Dataset section.
=== Section Start ===

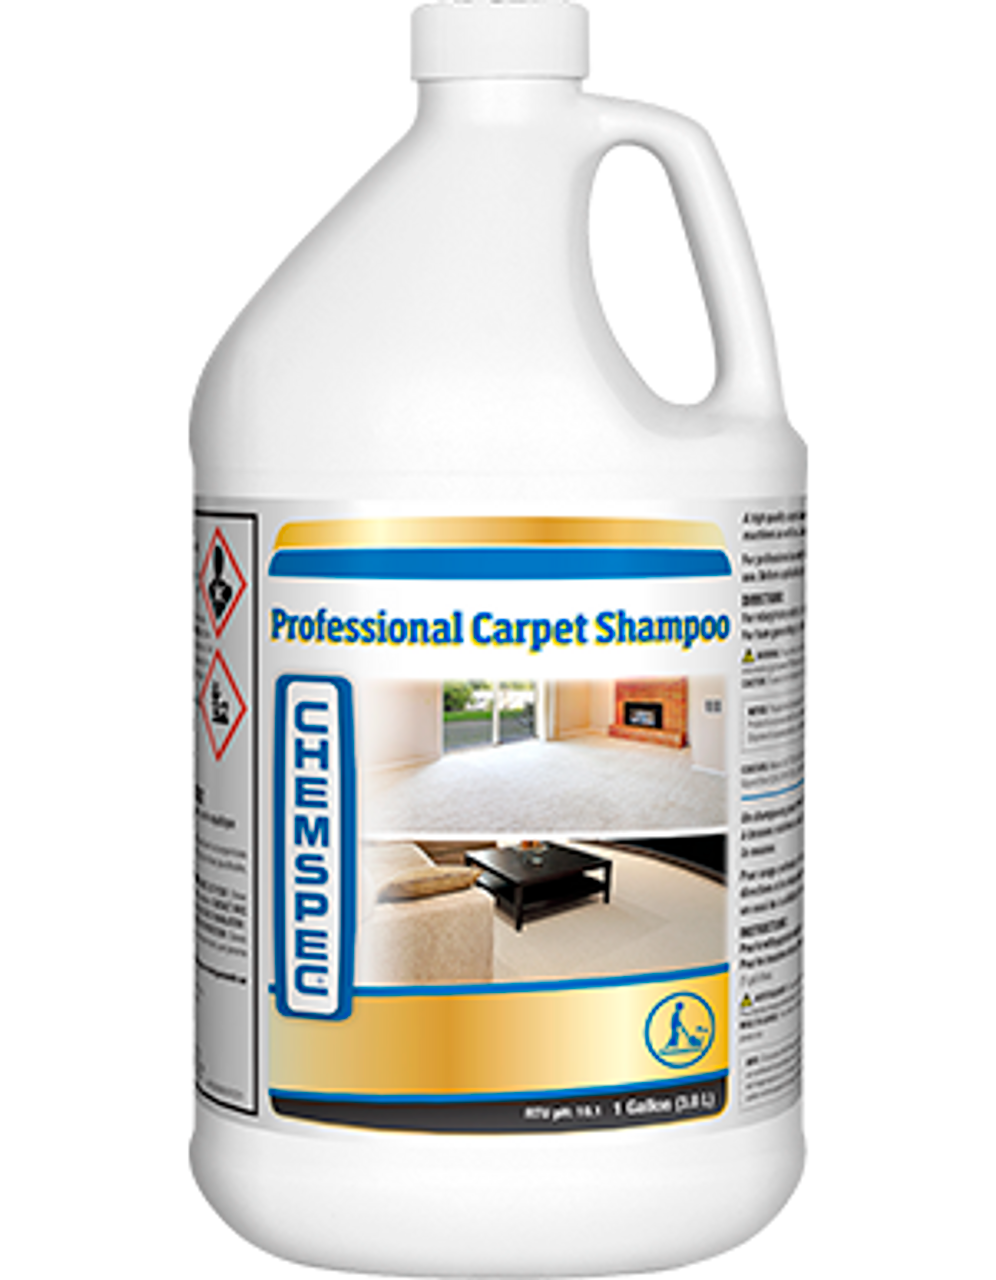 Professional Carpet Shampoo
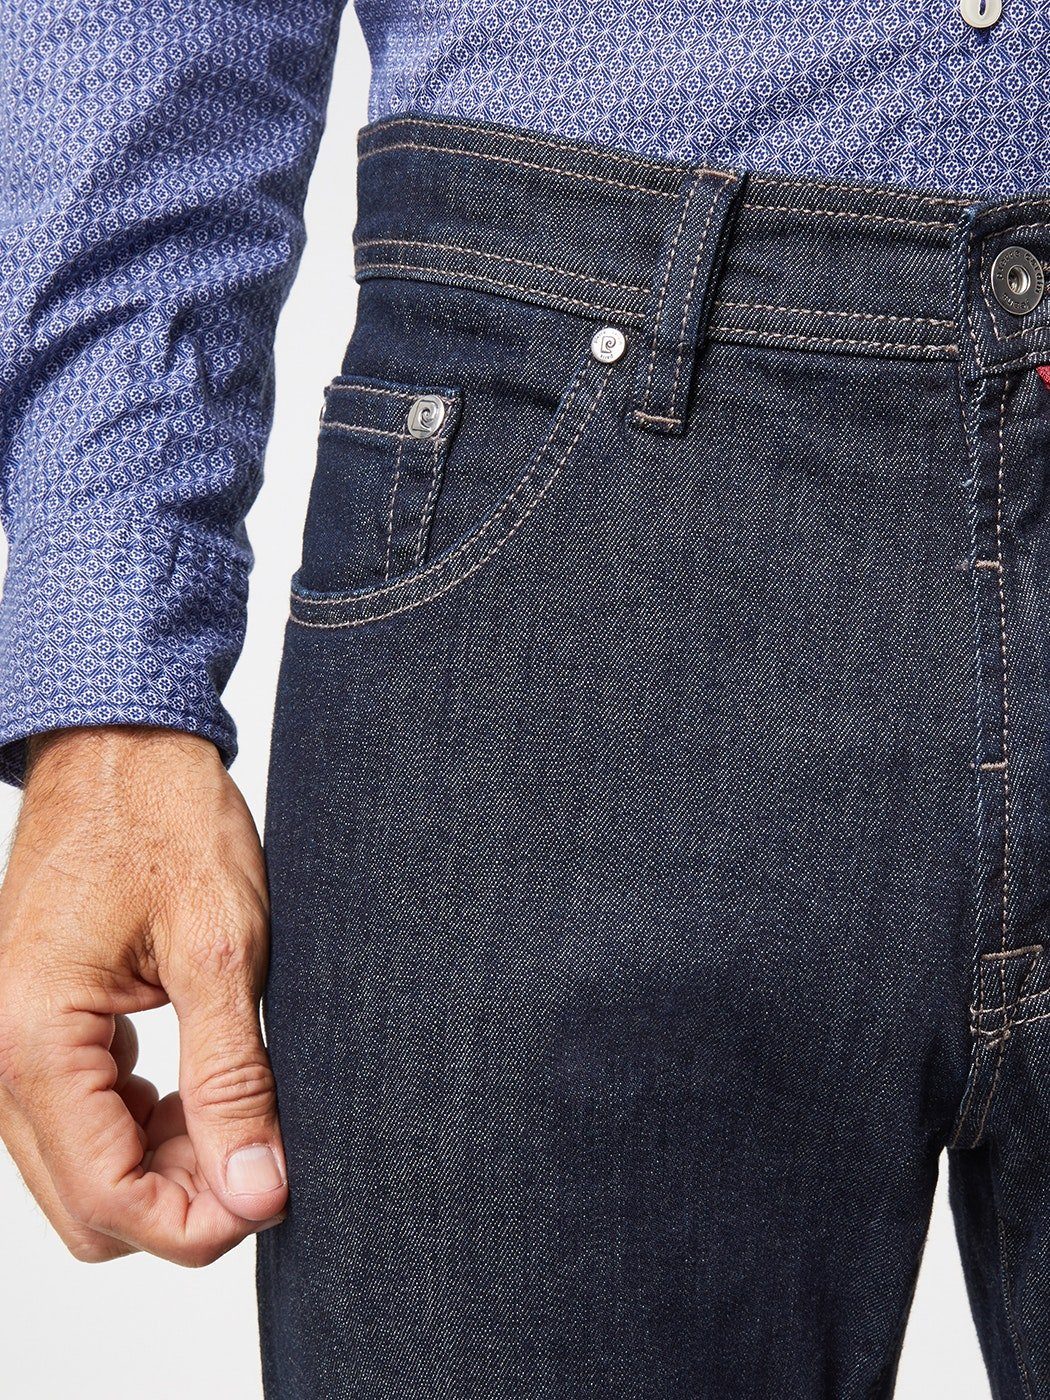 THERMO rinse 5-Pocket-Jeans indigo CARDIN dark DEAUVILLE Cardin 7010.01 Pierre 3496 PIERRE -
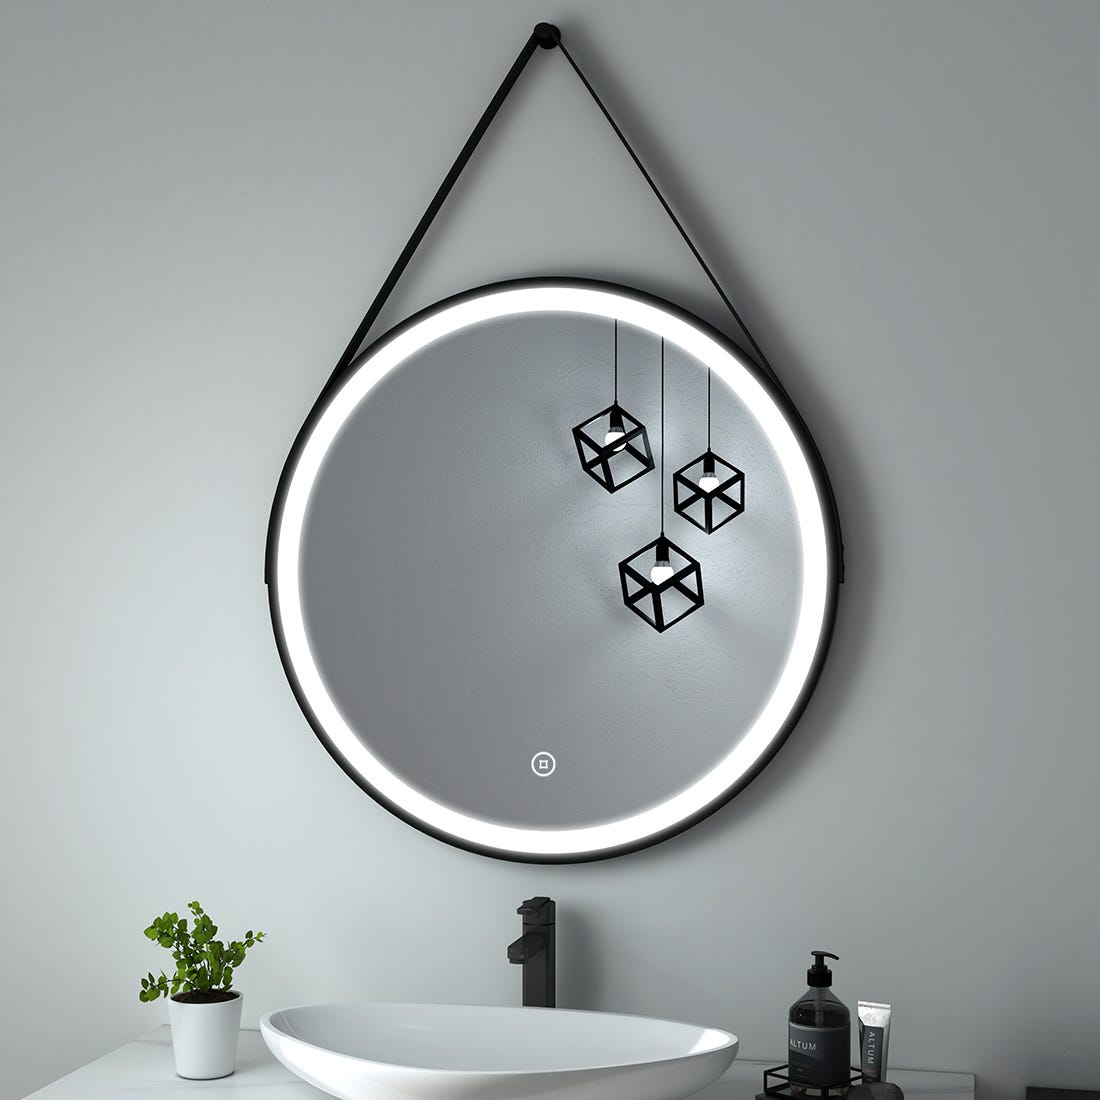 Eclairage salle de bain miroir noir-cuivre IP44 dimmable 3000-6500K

=== Section End ===

In your copy of the listing above, reproduce each line exactly and omit all pictures.

 Professional Carpet Shampoo
 THERMO rinse 5-Pocket-Jeans indigo CARDIN dark DEAUVILLE Cardin 7010.01 Pierre 3496 PIERRE -
 Eclairage salle de bain miroir noir-cuivre IP44 dimmable 3000-6500K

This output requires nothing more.